I have this dog, an Australian shepherd, a herder by nature. He becomes distraught when a family member leaves the room. He leaps up to follow the flock-busting defector, then looks back at the rest of us, unsure of where he’s needed. He winds up spinning in circles, looking profoundly confused, and existentially frustrated.

We laugh at him because it’s sort of pathetic. But he can’t help it; he’s hardwired that way. And for the first time in my life, I understand it.

Starshine Roshell

My 12-year-old left last week on a class trip to Europe. Parents are not invited, phone calls not permitted; it makes the students homesick to hear mom’s voice. Instead, we get daily Twitter posts with photos of the kids in front of French, Italian, and Spanish monuments.

For a year before the trip, friends told me, “You’re brave. I could never let my child do that.” I truly didn’t understand the sentiment. I mean, it’s not like they went to Libya. Frankly, I looked forward to having one less lunch to pack, and to bringing home Thai food for dinner without anyone complaining.

He was gone just one day when friends began calling: “How are you holding up?” Really? The kid isn’t touring the Daiichi nuke plant, I explained; he’s slurping gelato in Florence. How bad could it be?

Turns out, though, they knew something I didn’t. Because today is Day Eight, and I’m shocked to discover that I am not, for want of a better term, “holding up.” I’m a wreck. A clichéd bundle of nerves.

I keep Twitter open on my computer screen and hit “refresh” every two minutes in case there are new pictures posted. No? How about now? Still nothing, huh? When there’s a new one, I scan it for clues to his well-being: He looks tired, doesn’t he? Is that a new sweatshirt he’s wearing? I didn’t pack that. He’s spending his souvenir money on “I Heart Roma” hoodies? This does not bode well for my Fendi handbag!

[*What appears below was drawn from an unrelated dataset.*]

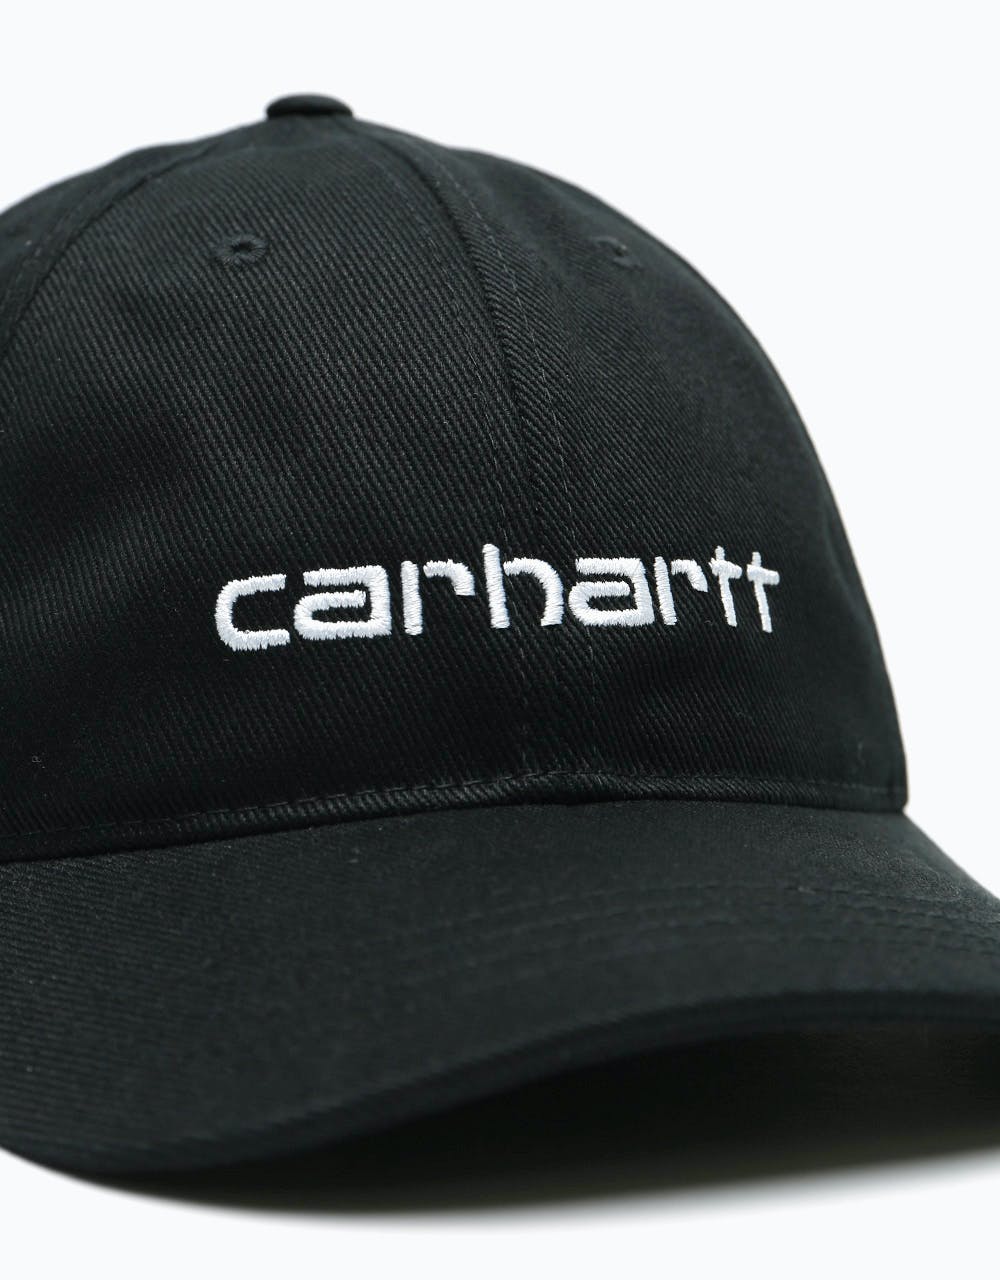 Carhartt WIP Carter Strapback Cap - Black/White

I actually—how embarrassing is this?—sent a Facebook friend request to his chaperone/teacher, hoping for access to any status updates she might post from abroad, like, “Today while soaking up Parisian culture, the children smoked Gauloises cigarettes and took in a burlesque show.” (She hasn’t responded to my request, which is weird because who wouldn’t want to be friends with a helicopter-mom/cyber-stalker?)

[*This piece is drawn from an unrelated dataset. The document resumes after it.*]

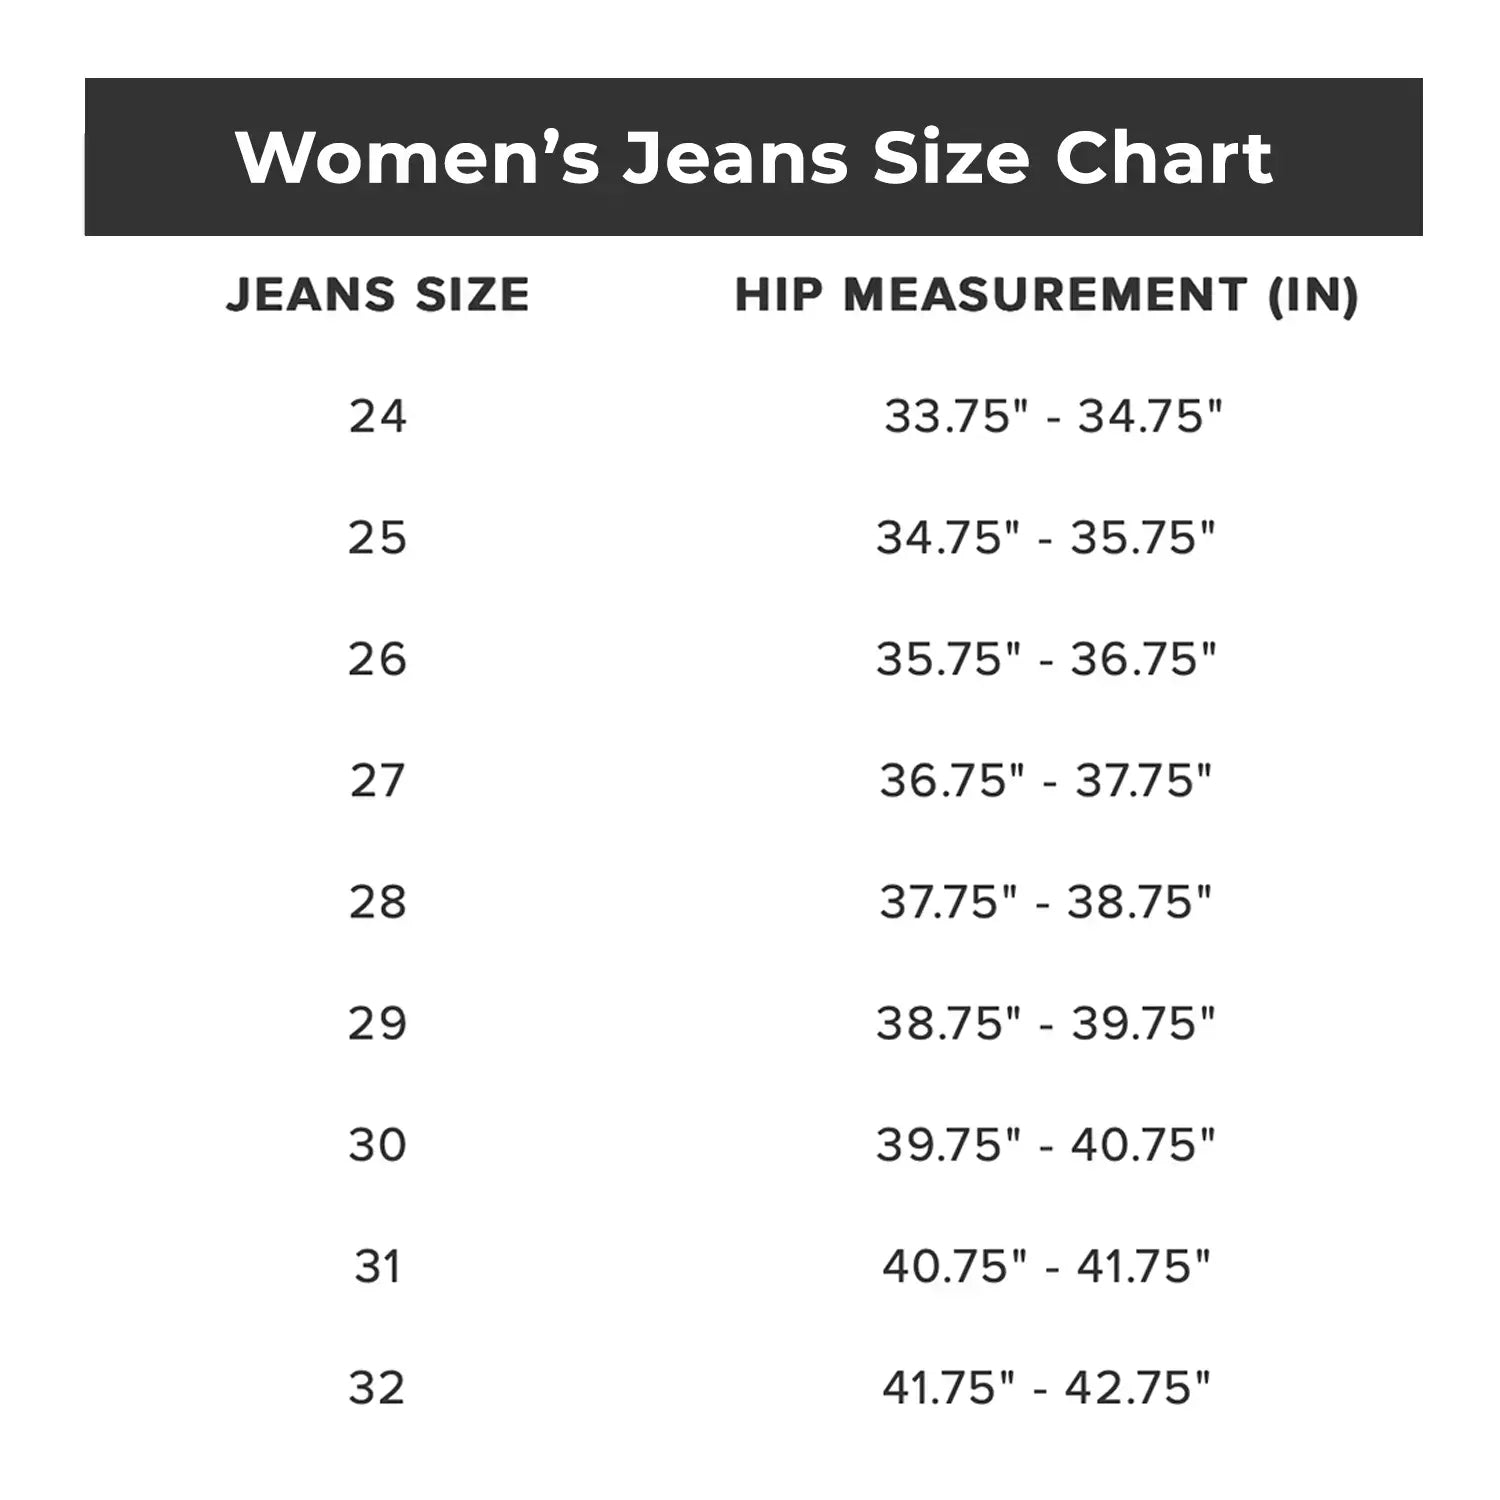 Jean size chart for women

I’m terribly disappointed. I thought I was a different sort of mom. The non-clingy kind. The un-paranoid kind.

But there’s something subrational going on here. Something biological. His absence just makes me … anxious. It’s that nerve-jangling feeling you get when your kid ducks under an ocean wave. You know his head will poke back up again. Of course it will. But there’s a ghastly where-is-he moment when you feel perilously, unnaturally untethered to your child. Let’s just say it: your baby.

I feel it now when I climb into bed at night. I hadn’t realized what a deep, day-ending, sleep-provoking comfort it is to have my kids tucked safely under their blankets nearby. With the time difference, I lay my head on a pillow just as he lifts his off one, waking up for another day of laughs I can’t hear and discoveries I can’t witness.

And do you want to know the worst part? I can no longer laugh at my neurotic dog; I now know how it feels to be one sheep short of a flock. Which is all the more reason that when my son returns—to find me and the dog spinning in circles, unsure of where we’re needed—he’d really better have that handbag.